Anehnya, tidak satupun kita temukan yang mengundurkan diri dari jabatan atas kesadaran jika tidak sanggup menghadapi masalah bangsa dan rakyat sebagaimana sikap para petinggi negara lain yang bahkan mereka bunuh diri akibat budaya malu ketika mereka tidak sanggup menjalankan amanah yang diberikan rakyat.
Hipotesa politik ini, tentu membawa pada kesimpulan bahwa para petinggi yang berjabatan sebagai pengurus organisasi negara ini hanya menikmati jabatan dengan segala fasilitas untuk status sosial dan sekedar memiliki kekuasaan untuk menundukkan orang sebagaimana  jabatan dalam sistem kekuasaan masa penjajahan Belanda di Indonesia.
Jika begini, maka sudah seharusnya rakyat harus mempersiapkan alternatif untuk merencanakan yang terbaik untuk merubah kehidupannya dalam konteks bernegara. Logikanya harapan terhadap negara yang sekarang telah tertutup. Tapi kenapa hal ini tidak terjadi? Mungkin saja sebahagian besar rakyat Indonesia dalam mentalitas terjajah, belum mengalami pemulihan, karena penjajahan di tanah air kita berabad-abad lamanya.
Sehingga rakyat masih melihat negara sebagai wadah yang turun dari langit bukan suatu rekayasa pemersatu untuk kepentingan hidupnya dan karena rakyatlah negara ini ada. Jika ada yang berpikir bahwa sebaliknya yakni adanya negara maka adanya rakyat maka dapat disimpulkan bahwa rakyat dalam negara ini belum bisa dianggap mumpuni.
Jika negara dianggap tidak mampu membawa kesejahteraan pada rakyatnya maka negarapun dapat dievaluasi dan dirubah, baik sistem, bentuk dan lain-lain yang lebih efektif untuk membawa pada rencana strategis untuk pencapaian tujuan bernegara.

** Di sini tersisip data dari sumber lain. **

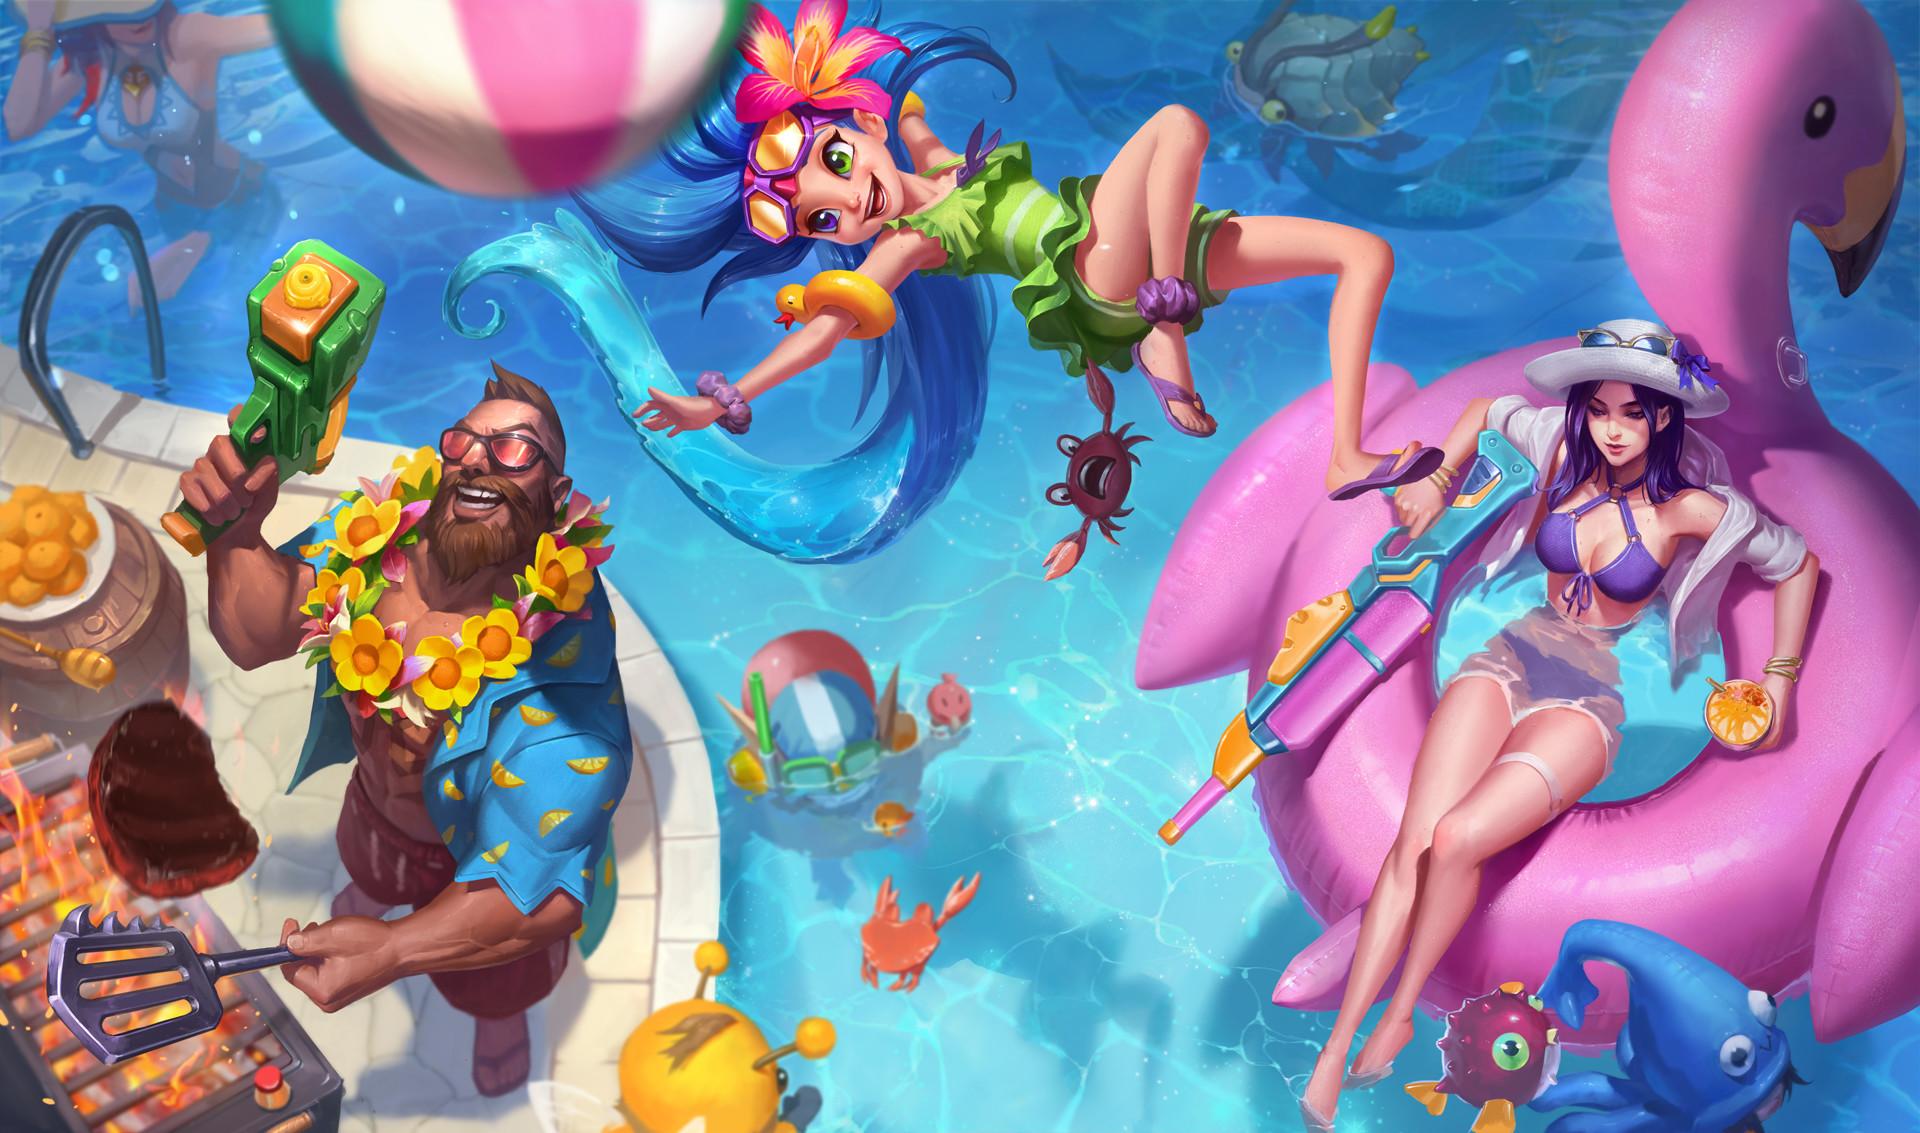 bo-chen-pool-party-splash-2018-1920pix.jpg

Apakah pemikiran ini digolongkan sebagai pemikiran makar? Tergantung ilmu pengetahuan dan wawasan bernegara kita masing-masing. Pada kelompok masyarakat tertinggal tentu membaca tulisan ini sebagai kritik negara, tapi bagi kelompok warga negara yang mumpuni akan memahami tulisan ini sebagai pemikiran warga negara yang menaruh harapan dalam membangun negari ini.